Sharkey kick started proceedings by reiterating some key points from UK Music's recently launched 'Liberating Music' report, which calls on the government to provide backing to those working in music in order to make the UK industry the biggest in the world. He said: "What for me is in rude health is the quality and the creativity of the artists.It's something this county is famous for and we're probably better than anyone else. The UK is the second largest source of repertoire. We think the government has a role to play in making sure that every young artist, musician, entrepreneur is getting every bit of support and every bit of encouragement".

Margaret Hodge quickly countered that the Labour government had been doing just that for years, with over £300 million invested in music education, though Lib Dem Don Foster said that he didn't feel enough was being done in schools, saying that "[music is] hampered by the overloaded national curriculum and I would like to free up the national curriculum so there is more opportunity for creativity".

Hodge was then set on from all sides, with all three of the other panellists saying that live music had been harmed by Labour's 2003 Licensing Act, which they all claimed had made it too expensive for small venues to stage live music.

Sharkey explained: "The real starting ground for our start up bands is in small venues and sadly the licensing legislation has hampered it and in small venues we've seen less live music and that has to be changed. It's true that live music has been doing well but all that growth has been at the top end - festivals and big gigs. What we need is those little rooms in the backs of pubs, clubs and hotels where people like myself stood up for the first time at the age of seventeen thinking 'I've got an idea for a tune'. Those venues are under threat.
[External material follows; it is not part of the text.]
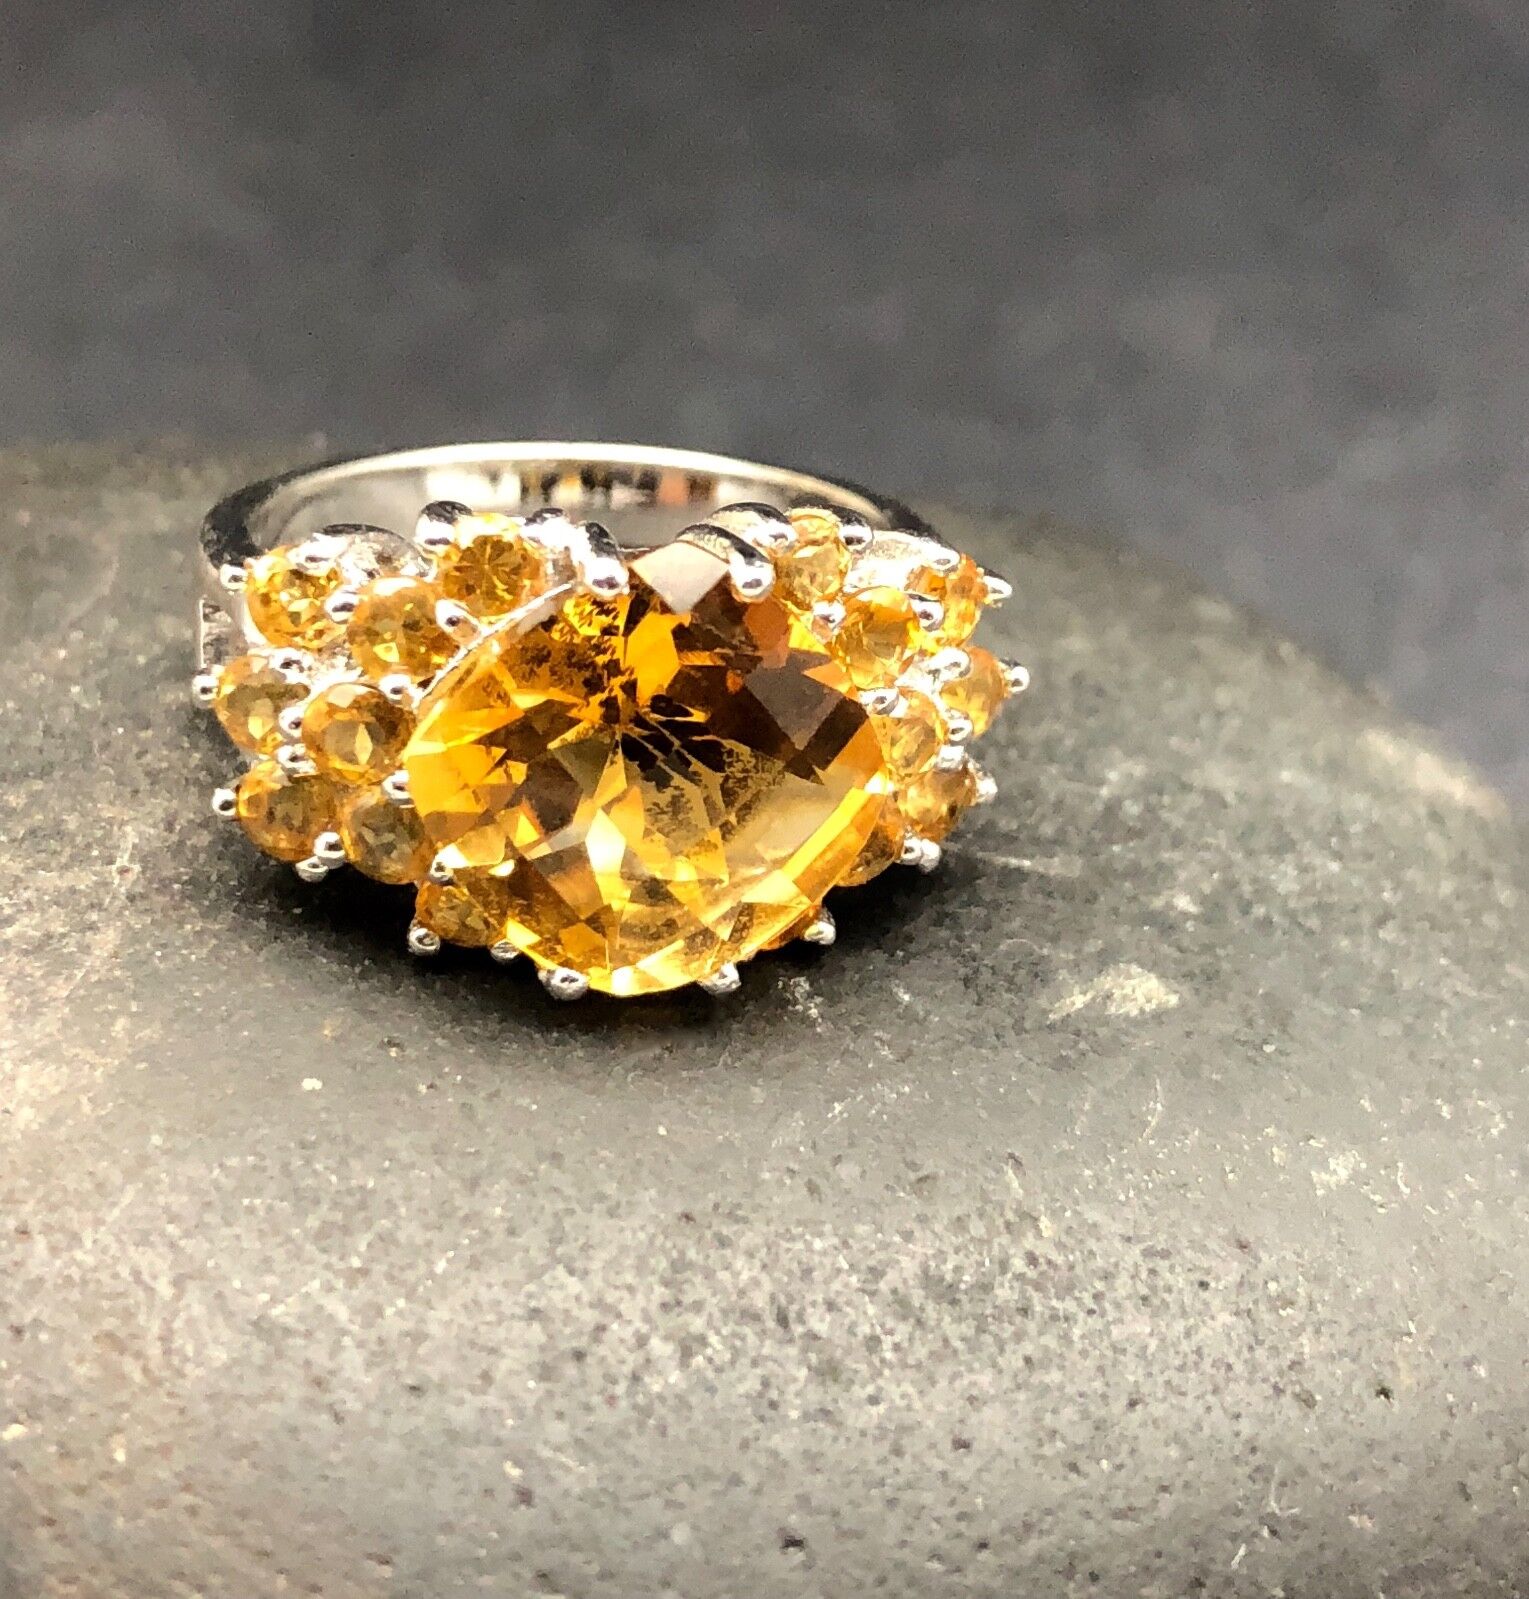 Golden Topaz And Diamond Ring Available For Immediate Sale At Sotheby's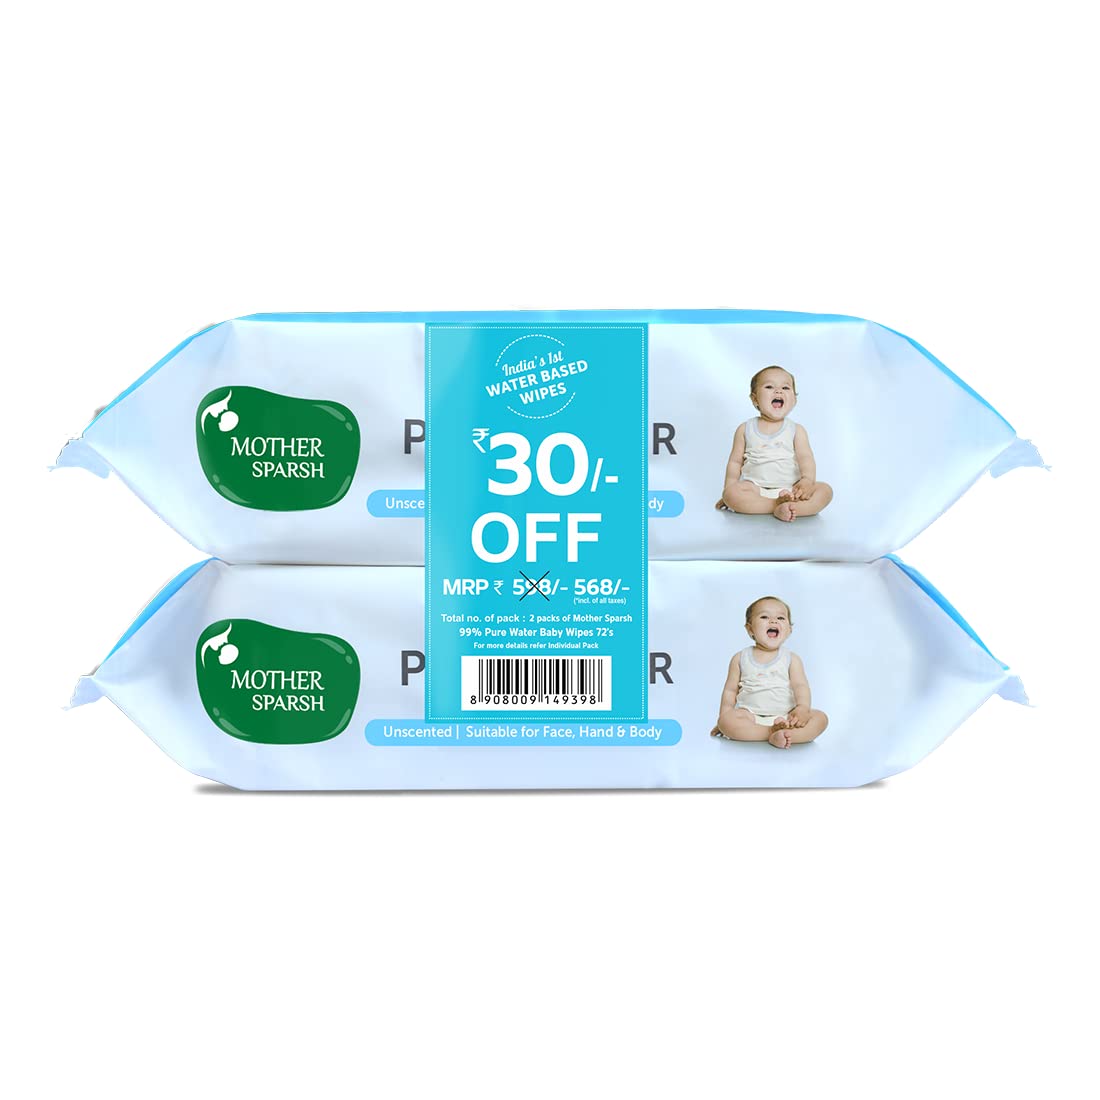 Mother Sparsh 99% Pure Water Baby Wipes

The British Beer & Pub Association tell me we're losing 50 pubs like that a week".

It's worth noting, that the Liberal Democrats are the only one of the three main parties to address this in their manifesto, laying out exactly how they would change licensing laws, removing the need to apply for a license for venues with less than 200 capacity. Labour vaguely mention a review of the current rules in theirs, while the Conservative manifesto makes no reference to music licensing laws at all.

On the subject of illegal downloading, Hodge said that the government had been working with the music industry on ways to curb it, through the Digital Economy Act, as well as helping to find new business models. She said: "[The internet is] an opportunity as well as a threat.The opportunity is that many, many more people can listen to music. The threat is that creators may not get money for the music they have created".

She continued: "We've worked with the industry to find new business models so they can make their money in different ways, whether it's through live gigs bringing in advertising or many of the other experiments that are taking place at the moment. The other thing we've done is that we have, for the first time, introduced ways of how we are going to get tough with people who persistently download illegally".

Both Whittingdale and Foster criticised the DEA as being "flawed" (despite the Tories helping it become law), Foster telling Hodge: "Some of it was rushed right at the end in terms of web blocking and I think we need to look at it again".

The discussion also turned to ticket touting when one industry contributor, Festival Republic's Melvin Benn, proposed that a price cap be placed on all tickets sold on the secondary market (or at least those sold through channels where monitoring prices is possible).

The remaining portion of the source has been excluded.